My friends tell me there is nothing to be nervous about. They think I should be excited, which I am, but I am also extremely anxious because I am not exactly “in my element,” regardless of the number of mission trips I have done.Let me explain.
Like most college students, I am busy. I am busy studying, working and trying to balance a social life on top of that. I am busy praying and reading my Bible — but this is the part of my day that is most strictly scheduled. It’s easy to close my Bible and enter into the whirlwind of work mode instantly.
I am going to a place with the intentions of God using me all day, every day. I will be majorly vulnerable in a foreign place with foreign people. I, along with my teammates, will be stripped of our comfort blankets of technology and immersed into God’s mission field in Santa Ana, Honduras, for 10 days.

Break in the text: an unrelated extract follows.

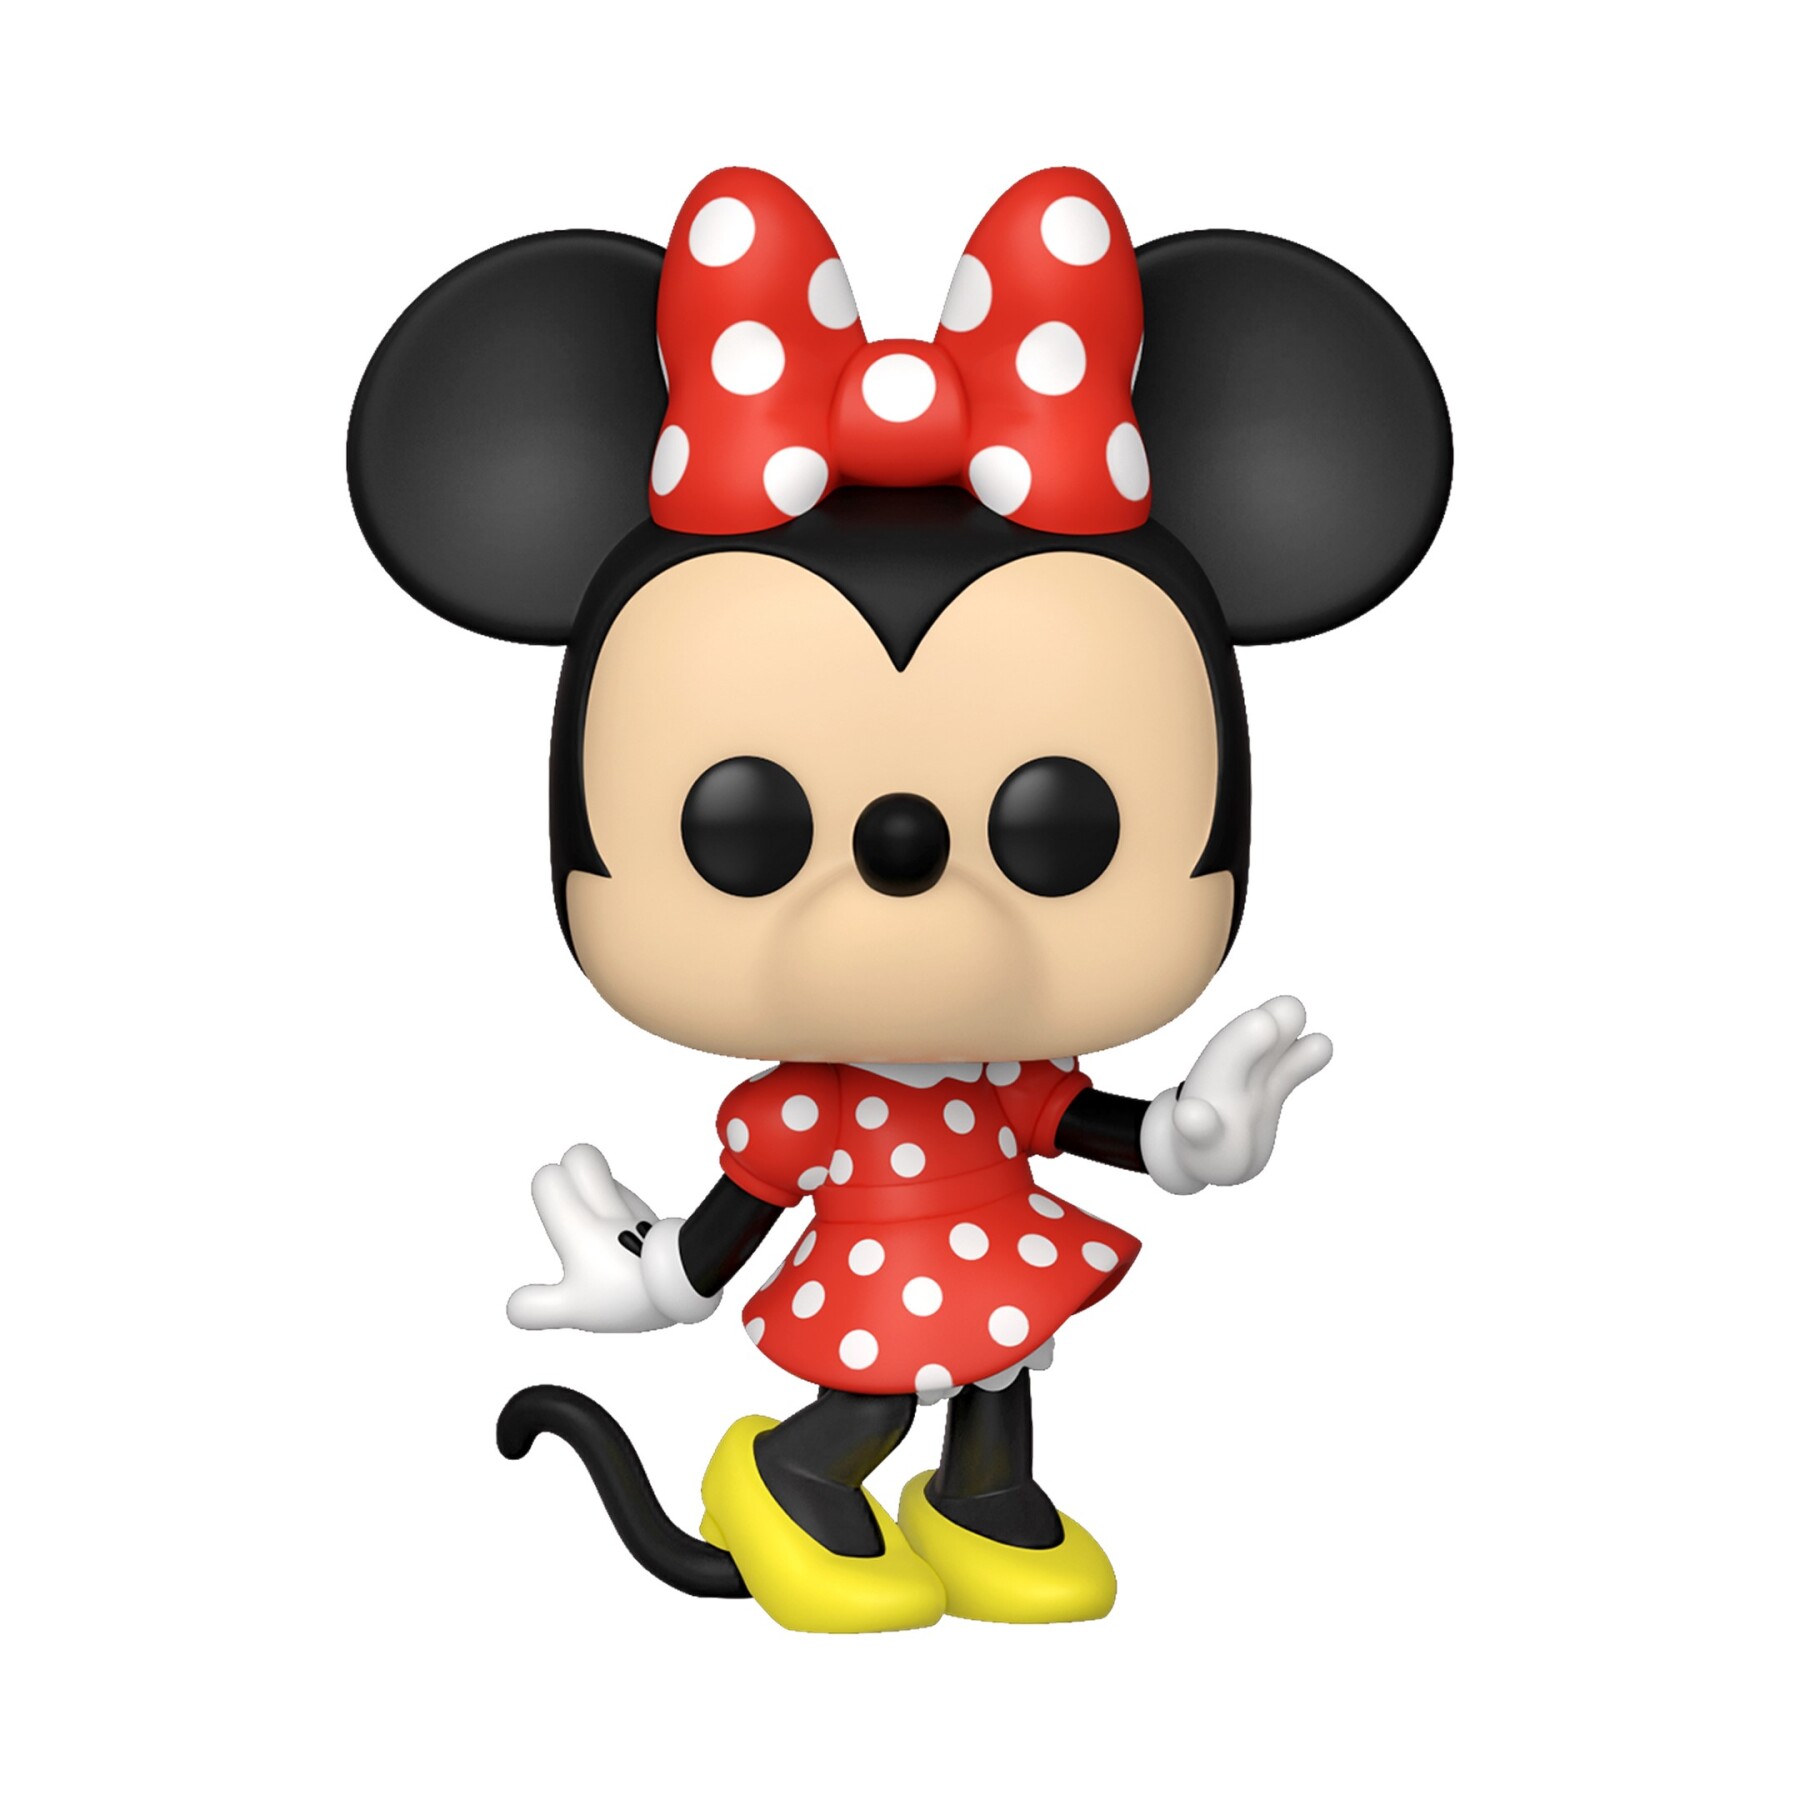 Funko POP! Minnie - Mickey & Friends #1188 - Funko

Doing this, I know I will need to remain connected to Christ in order for His name to be glorified. Just as Jesus said in in John 15, ” I am the vine, you are the branches. If you remain in me and I in you, you will bear much fruit, apart from me you can do nothing … This is to my Father’s glory, that you bear much fruit, showing yourselves to be my disciples.”
I am thrilled to experience Honduras, build relationships and serve the Lord. I am overwhelmed that the same God who used Moses, Daniel and Paul sent His Spirit to live in imperfect humans, and He will use us in similar ways if we allow Him to.
This morning, I feel so small. Not just because I’m hardly 5 feet tall, but because I know I am part of a plan so much larger than I could ever comprehend — all of my teammates are. We are entering a field that God has already been at work in. I cannot wait to see what God has done, what He is doing and what He will do.
“Lord, our Lord, how majestic is your name in all the earth!”